__Exercise data__.
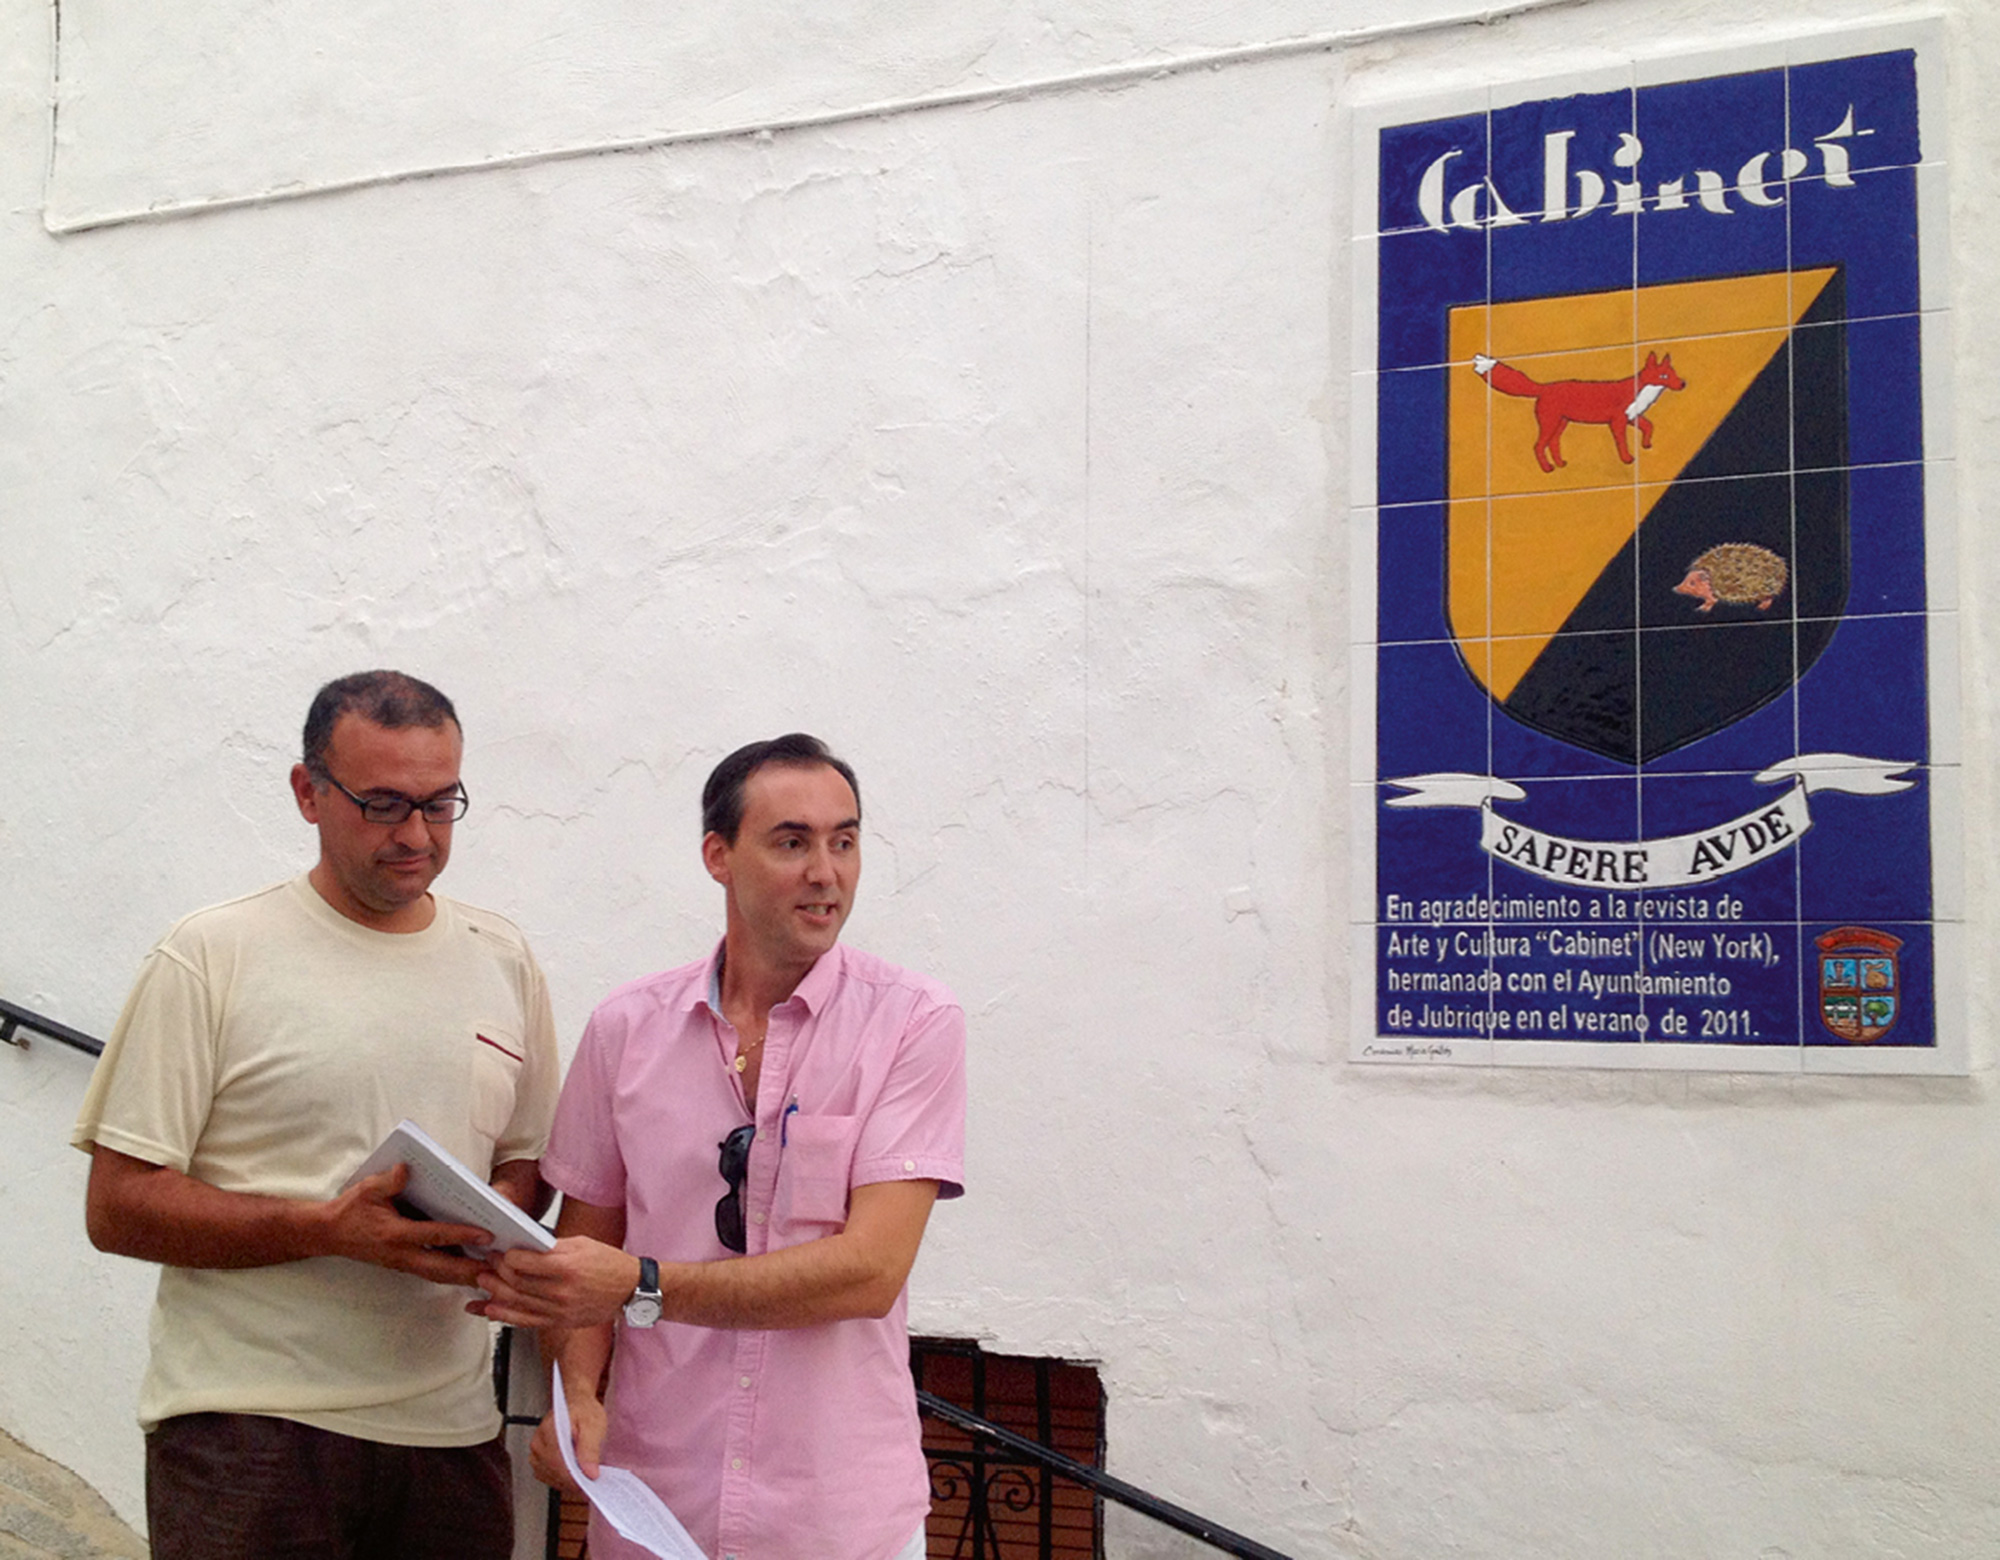 Jubrique’s mayor David Sanchez (right) and deputy mayor Paco Jesus inaugurate the ceramic plaque. Courtesy Ayuntamiento de Jubrique.
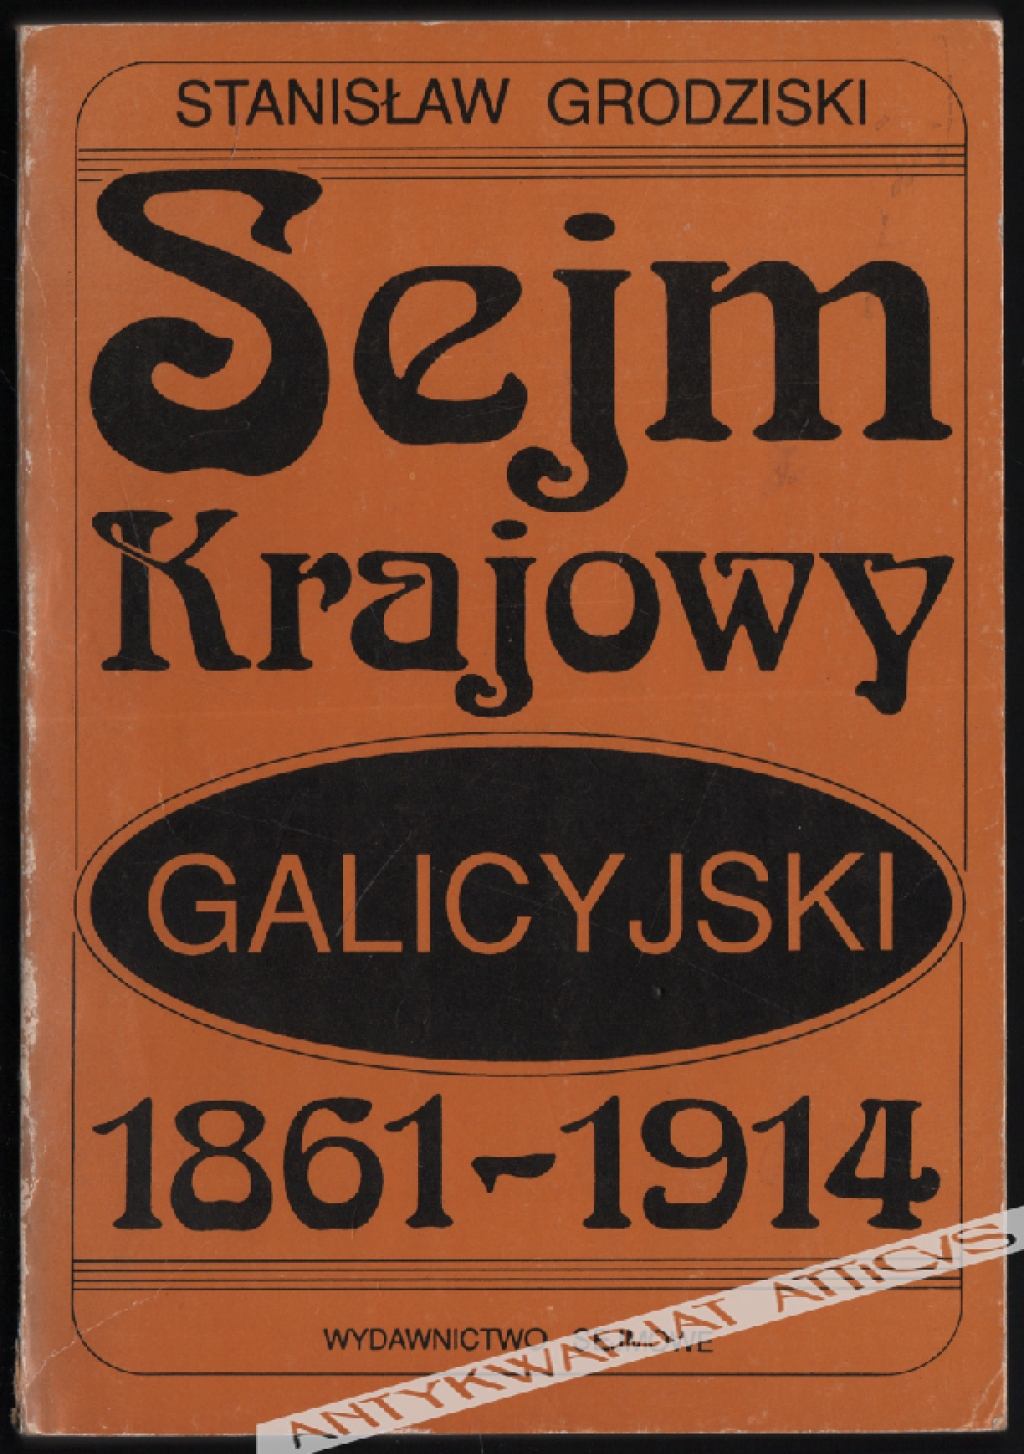 Sejm Krajowy Galicyjski 1861-1914
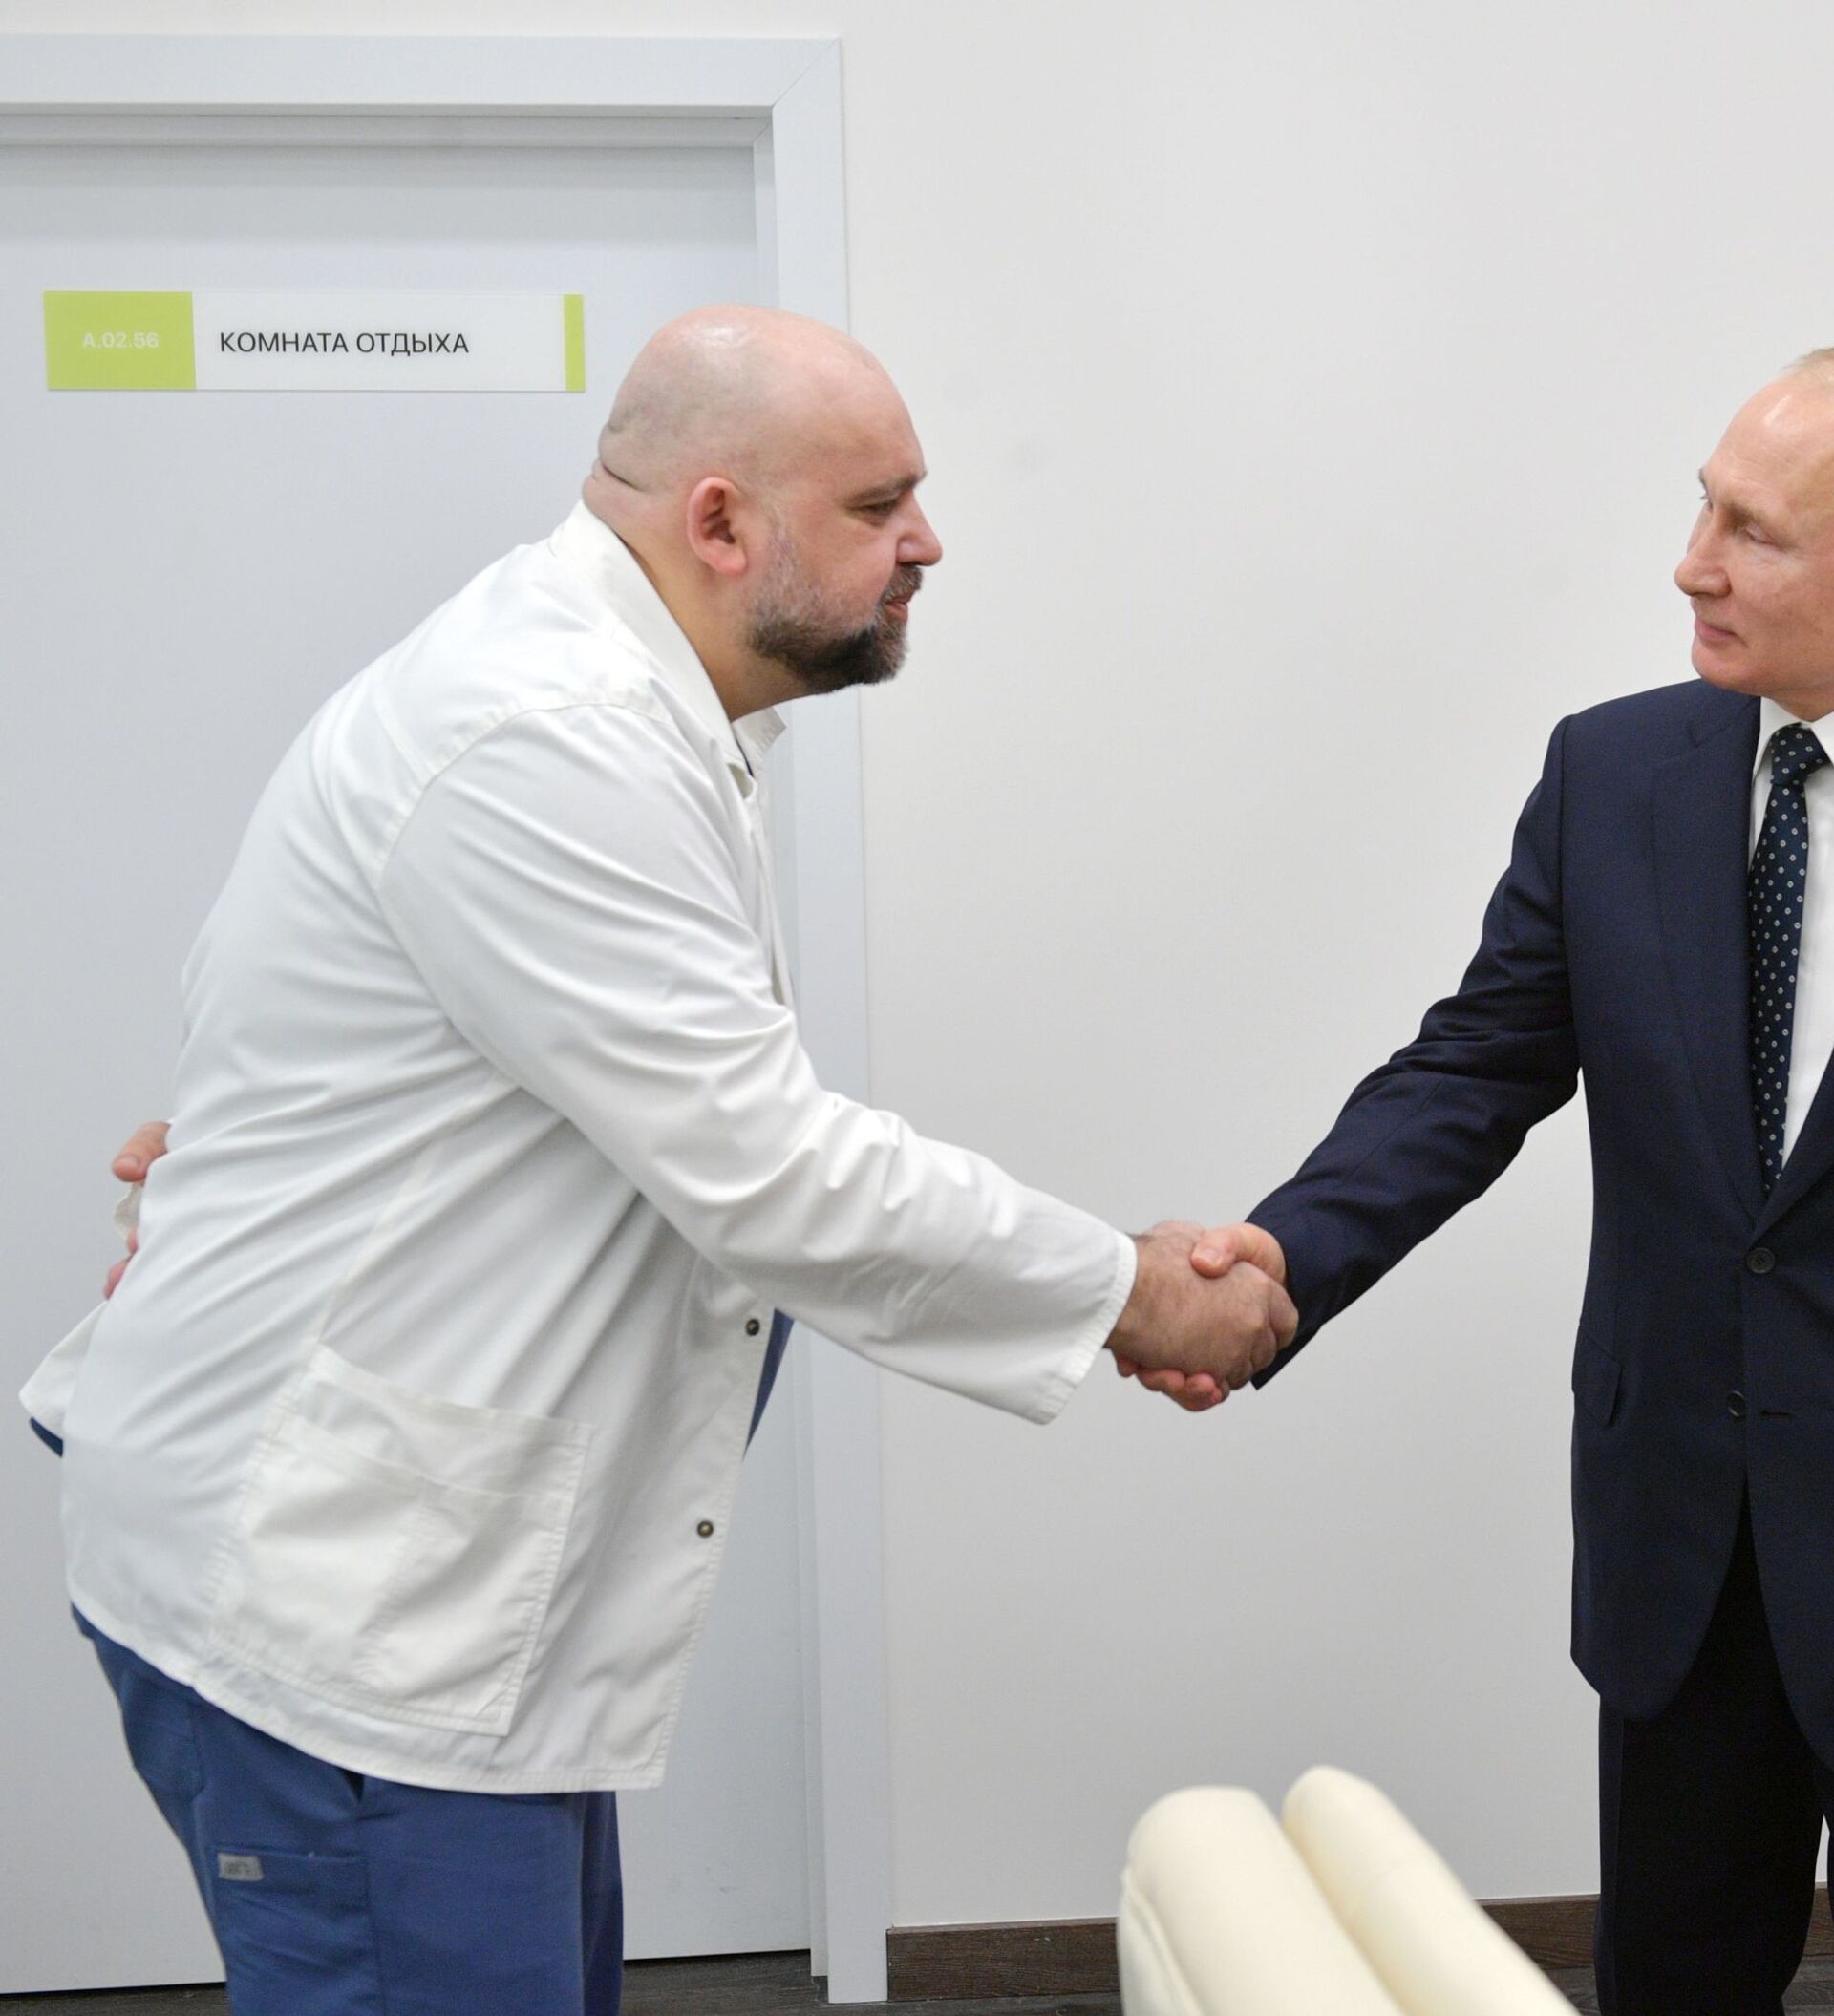 Путин в больнице в Коммунарке
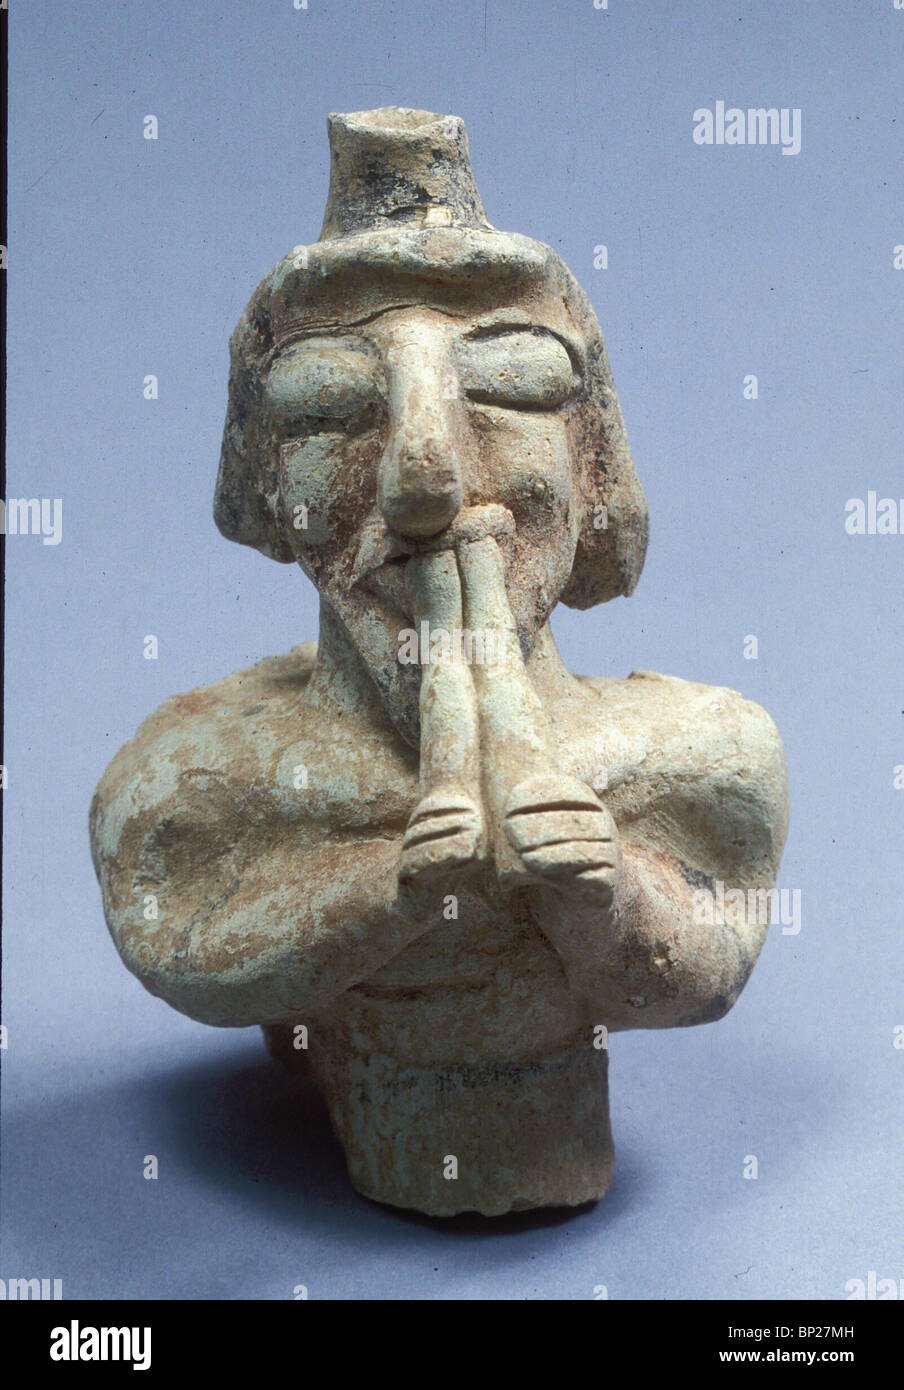 Statuetta in terracotta di un flautista possibilmente in una cerimonia religiosa TROVATA IN UN IDUMEO SANTUARIO IN HURBAT QUITMIT E. NEGEV Foto Stock

__What is being asked__.
The pictures in the data should be omitted, and every remaining line set down exactly.

__Result of this task__.
 Jubrique’s mayor David Sanchez (right) and deputy mayor Paco Jesus inaugurate the ceramic plaque. Courtesy Ayuntamiento de Jubrique.
 Sejm Krajowy Galicyjski 1861-1914
 Путин в больнице в Коммунарке
 Statuetta in terracotta di un flautista possibilmente in una cerimonia religiosa TROVATA IN UN IDUMEO SANTUARIO IN HURBAT QUITMIT E. NEGEV Foto Stock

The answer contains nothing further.